Many consider this Lions tour to have been weakened by the circumstances. Less impressive, not as meaningful. A hollow spectacle. One that tarnished the image of the sport, even.
Tell this to a South African generation who already lost out on 15 opportunities to play for the Springboks. If the average Springbok gets about 30 caps, that’s half a test career worth of tests cancelled. Tell them.
Tell this to the governing body who creates work for hundreds, if not thousands of South Africans, directly & indirectly. More people are unemployed than there are people who have jobs, here in SA. It wasn’t just the dignity of an emblem or an ideal that was at stake.
“It’s not worth the risk. Its all about the money. What about the fans?” Tell this to the hotel staff who left their families to offer a safe, sanitary refuge for the Boks & Lions. No medals. Just a chance to work, in an industry ravaged by a pandemic that seems to have no end.
Tell the Lions, who left their families, missed milestones & travelled straight into the eye of what seemed like a perfect storm. A country ravaged by its biggest wave of infections yet, compounded by a week of large scale violence & looting (the word insurrection was used).
To get on with it all, despite positive test results and close contact isolation - even when the team had to be selected on the bus to the game.

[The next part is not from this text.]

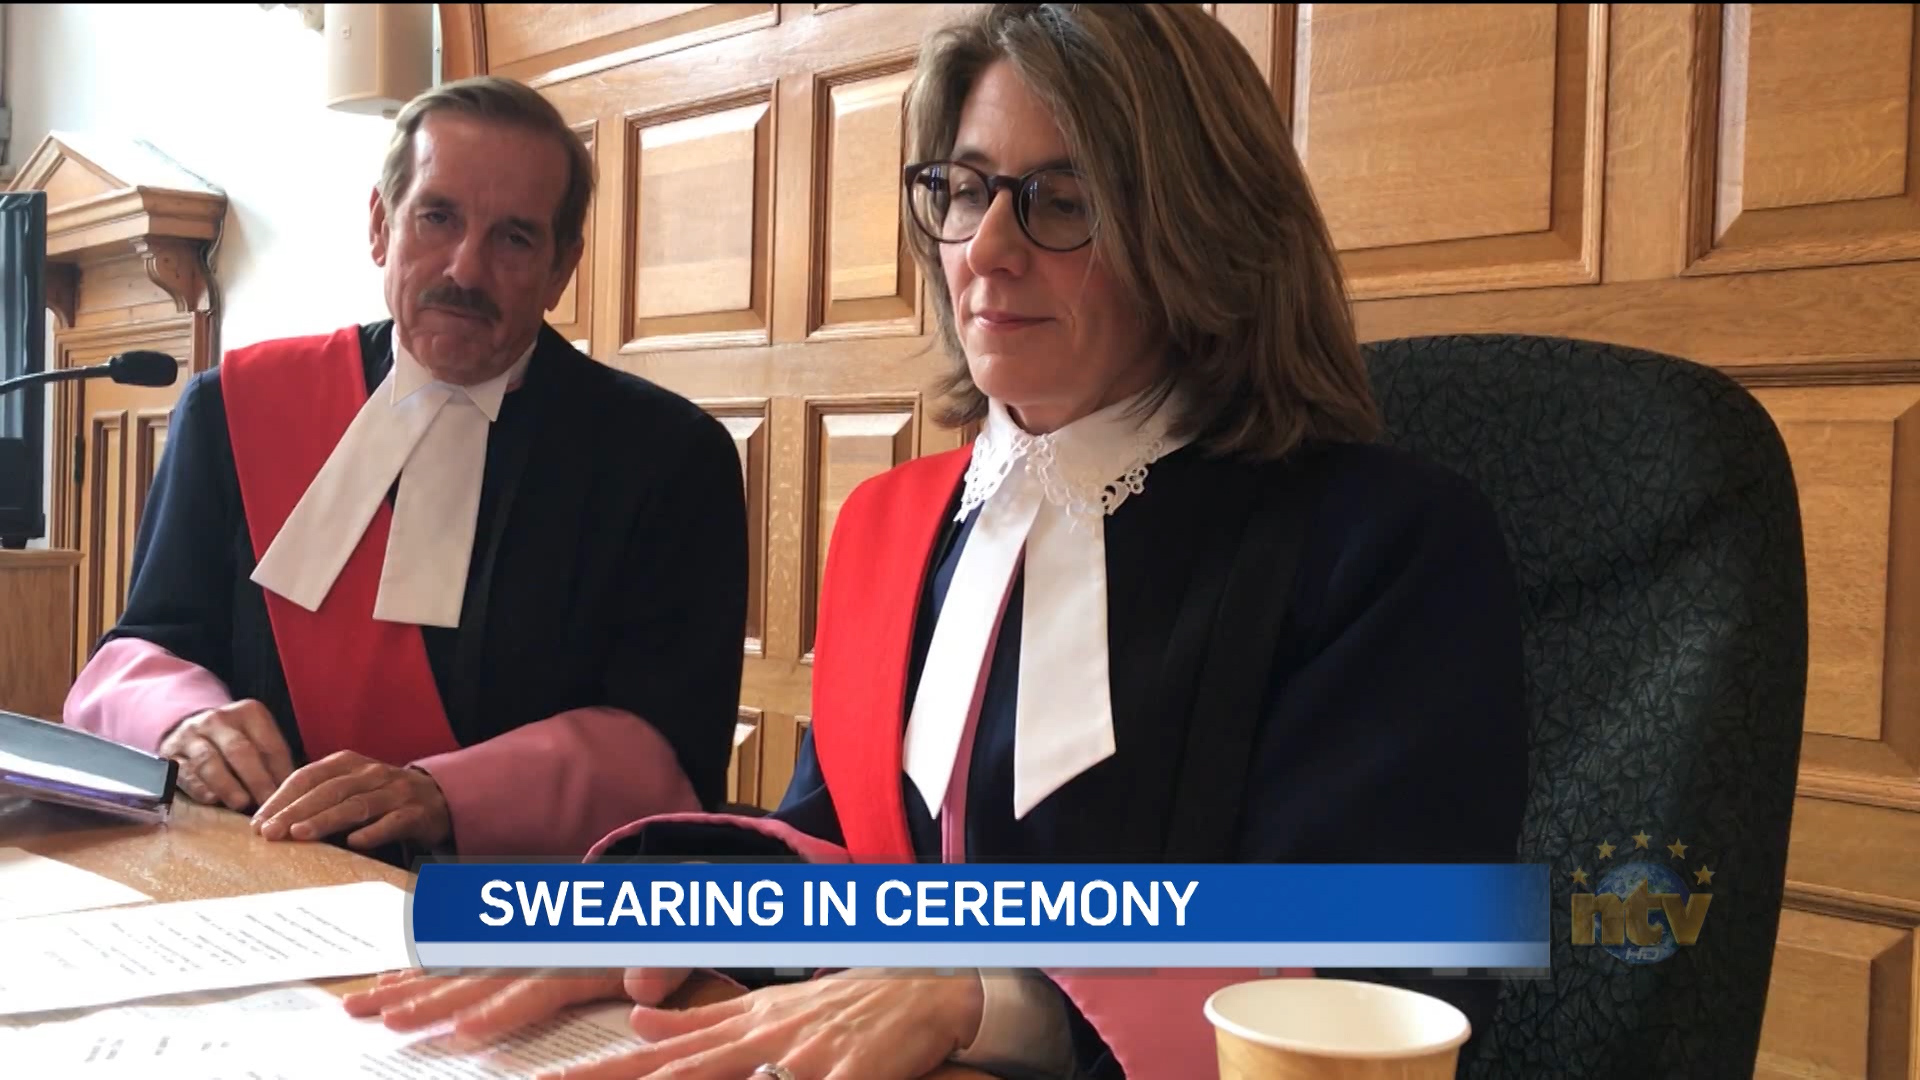 Kate O'Brien sworn in as new Supreme Court justice - ntv.ca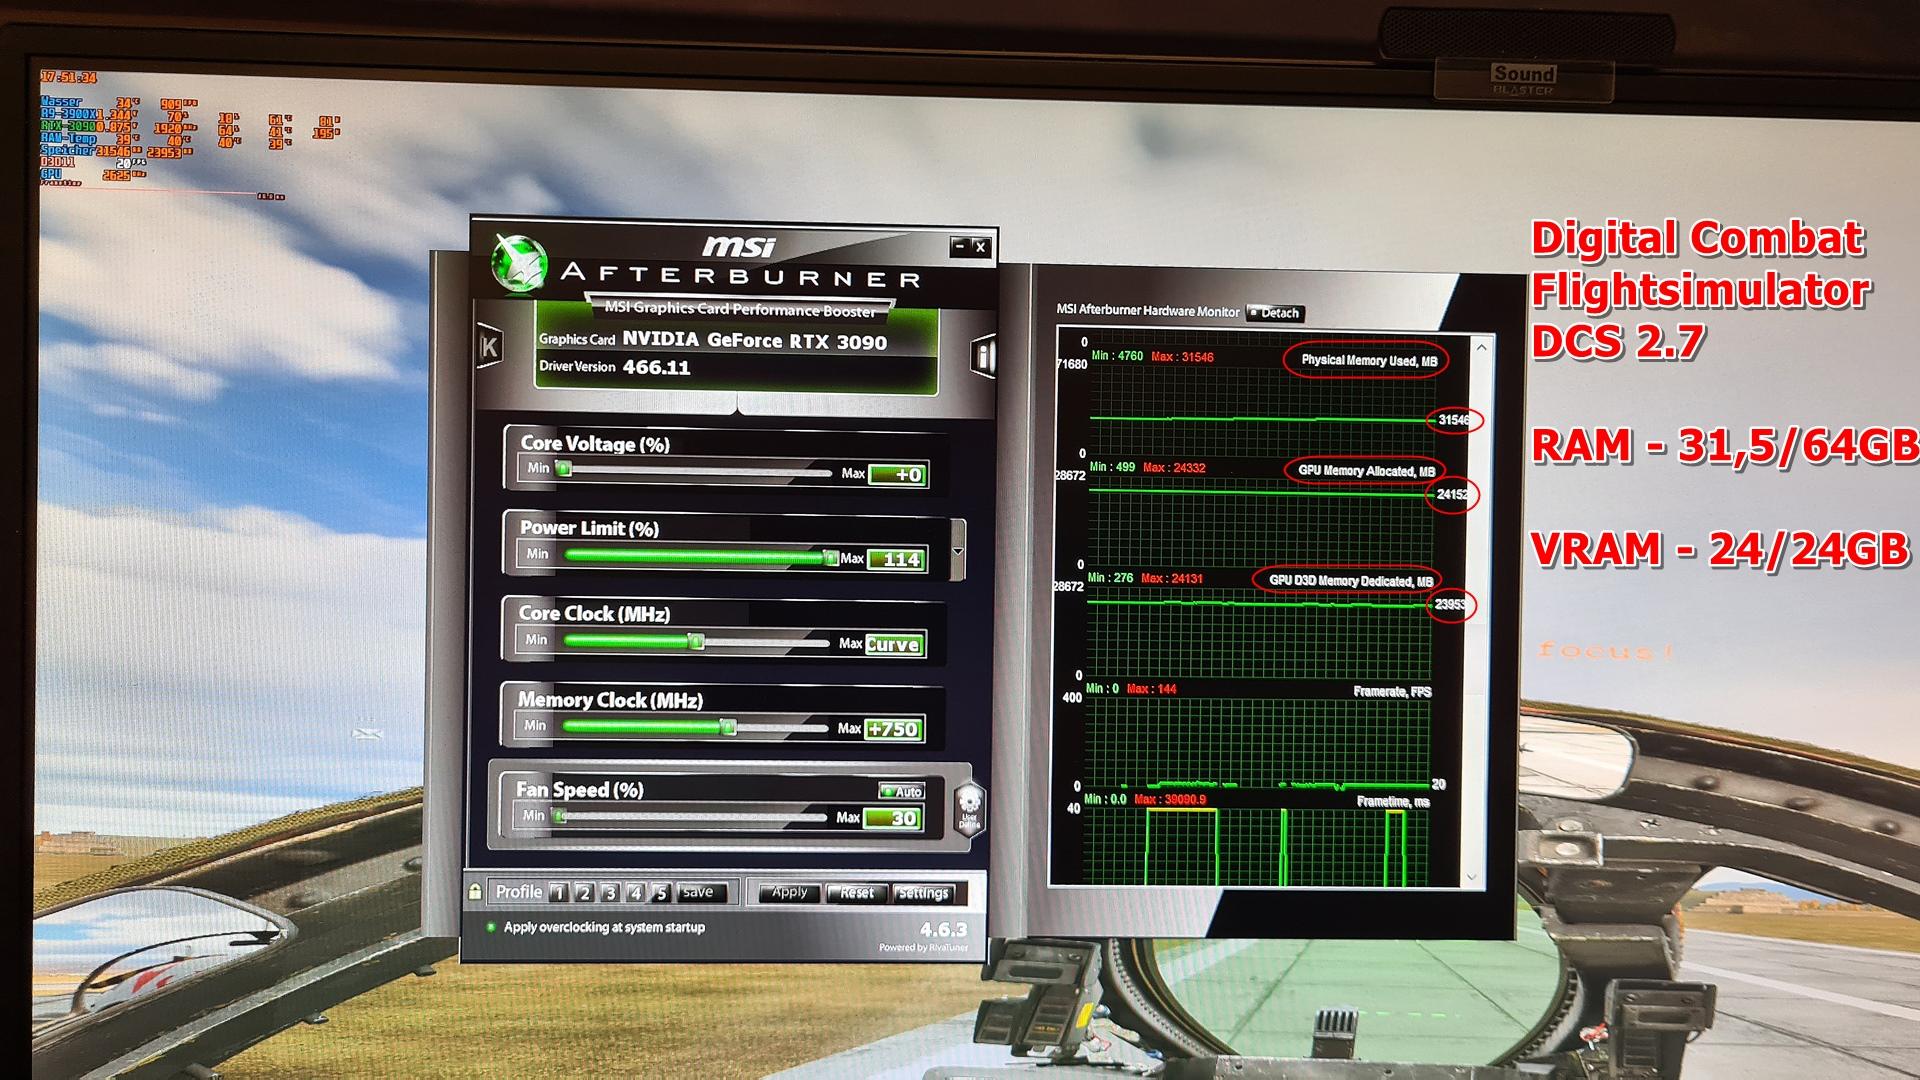 DCS 2.7 VRAM and RAM usage.jpg

This wasn’t what anyone dreamt of when they watched their first Lions Tour as a kid.
Personally, all I kept hoping for in the second half, was that it wouldn’t end in a draw.
A draw would probably have been a fair reflection of the game. But this series, after all the sacrifice, perseverance & determination it asked of so many people, deserved a winner.
This tour was peak South Africa. It was loud, it was angry and it left some marks. It was never supposed to be possible. The fact that three tests were played, much like most of what is achieved in the rainbow nation - in hindsight - seems miraculous.
So grateful to have stood witness to the power of the human spirit.